Nyaman tanpa iklan. Langganan BisnisPro

RI Kebut Negosiasi Perjanjian Dagang, Ekonom Wanti-Wanti Soal Ini

Pemerintah RI percepat negosiasi 4 perjanjian dagang hingga 2025. Core Indonesia ingatkan pentingnya perhitungan matang agar ekonomi tumbuh optimal.
Truk kontainer melintas di antara tumpukan peti kemas di Pelabuhan Tanjung Priok, Jakarta, Selasa (3/6/2025). Bisnis/Arief Hermawan P
Truk kontainer melintas di antara tumpukan peti kemas di Pelabuhan Tanjung Priok, Jakarta, Selasa (3/6/2025). Bisnis/Arief Hermawan P
Ringkasan Berita
  • Pemerintah Indonesia mempercepat negosiasi empat perjanjian dagang untuk memperluas pasar ekspor pada 2025, termasuk dengan Peru, Uni Eropa, Kanada, dan Uni Ekonomi Eurasia.
  • Core Indonesia mengingatkan pentingnya perhitungan matang dalam perjanjian dagang agar tidak menghambat pertumbuhan ekonomi, dengan fokus pada target ekspor, produk, dan daya saing.
  • Pemerintah disarankan untuk mengevaluasi kesepakatan dagang yang ada dan fokus pada impor bahan baku untuk produksi, bukan produk jadi yang bersaing dengan produk lokal.

* Ringkasan ini dibantu dengan menggunakan AI

Bisnis.com, JAKARTA — Center of Reform on Economics (Core) Indonesia mewanti-wanti percepatan perjanjian perdagangan yang tengah digeber pemerintah justru akan menimbulkan malapetaka terhadap pertumbuhan ekonomi, jika tak diperhitungkan dengan matang.

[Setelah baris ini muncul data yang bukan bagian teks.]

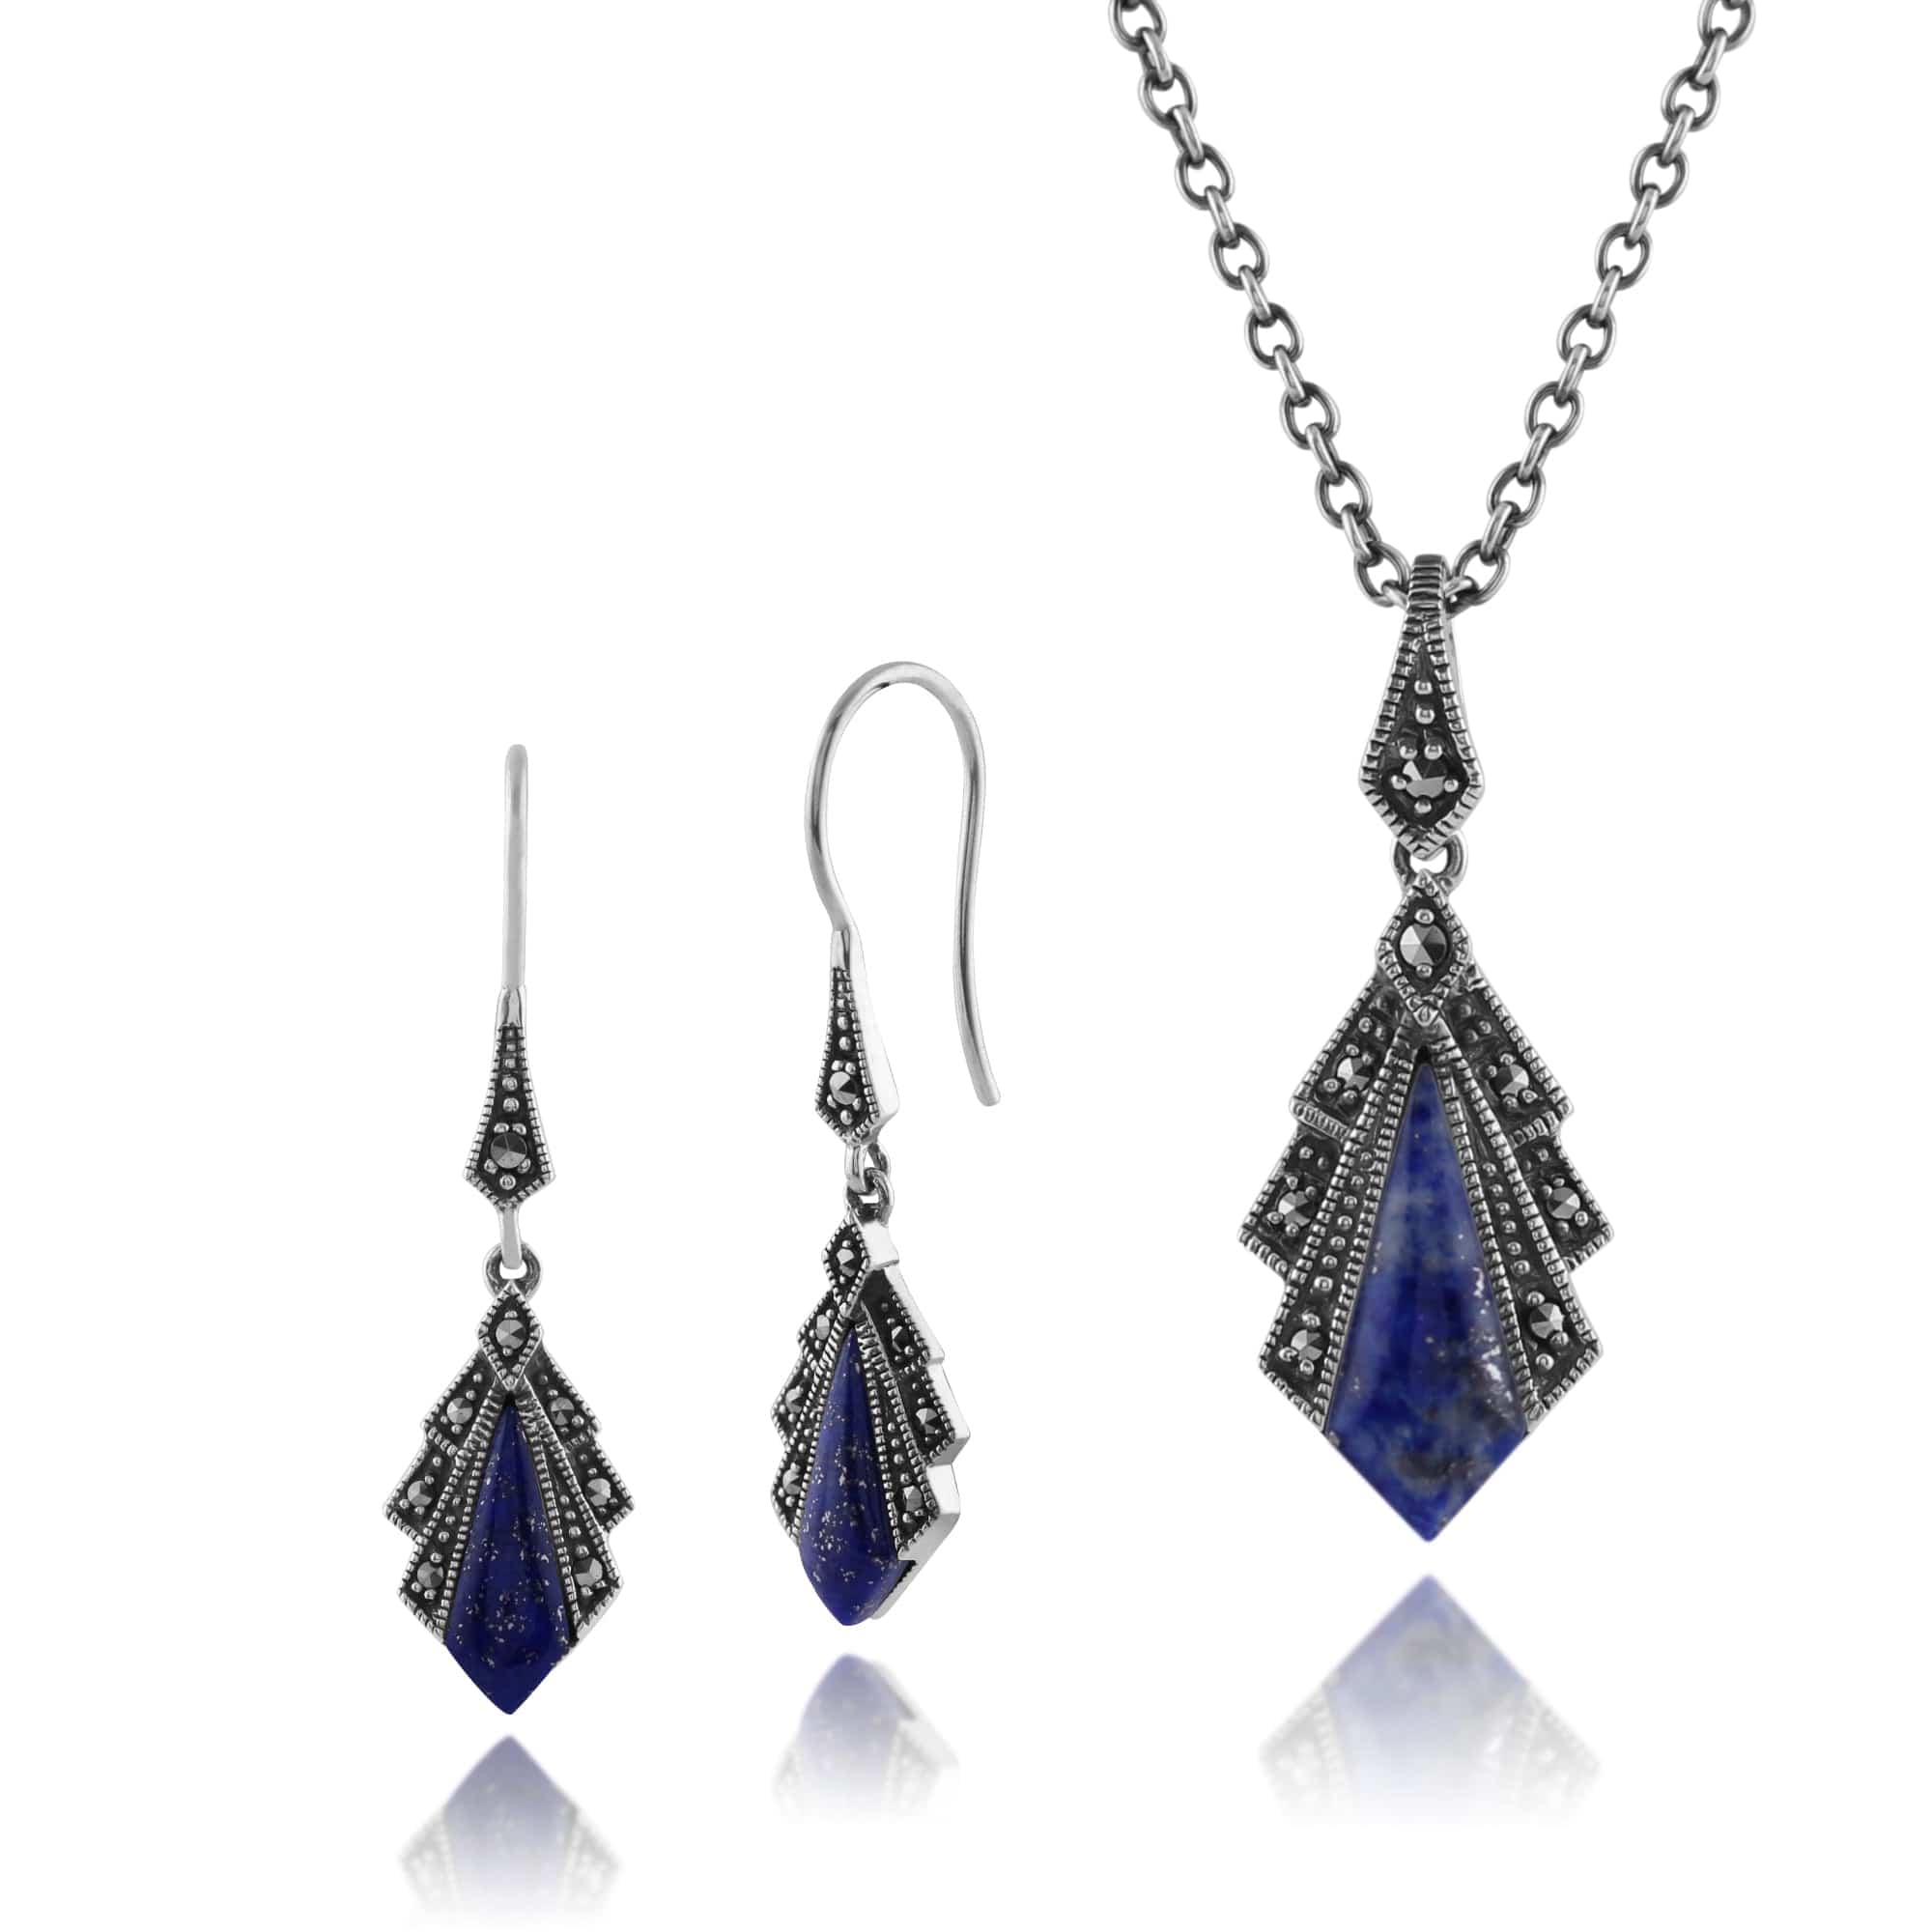 214E823202925-214N658202925 Art Deco Style Style Lapis Lazuli & Round Marcasite Fan Drop Earrings & Pendant Set in 925 Sterling Silver 1

Seperti diketahui, pemerintah tengah mempercepat empat perjanjian dagang pada 2025 untuk memperluas pasar ekspor.

Secara terperinci, Indonesia—Peru Comprehensive Economic Partnership Agreement (IP—CEPA), Indonesia—European Union CEPA (IEU—CEPA), Indonesia—Kanada CEPA, dan Perjanjian Perdagangan Bebas Indonesia—Uni Ekonomi Eurasia (I—EAEU FTA).

Direktur Eksekutif Core Indonesia Mohammad Faisal menilai pemerintah perlu melakukan perjanjian dagang secara terukur dan matang, mulai dari target ekspor, produk yang akan diekspor, hingga daya saing saat produk tersebut diekspor.

Dia menjelaskan, perhitungan yang matang ini diperlukan agar Indonesia bisa mendapatkan keuntungan yang maksimal dari ekspor ke mitra dagang.

“Itu harus diperhitungkan, karena kalau tidak makin lama peran daripada kesepakatan dagang itu alih-alih mendorong pertumbuhan ekonomi, tetapi malah bisa memperlambat [pertumbuhan ekonomi],” kata Faisal, Jumat (8/8/2025).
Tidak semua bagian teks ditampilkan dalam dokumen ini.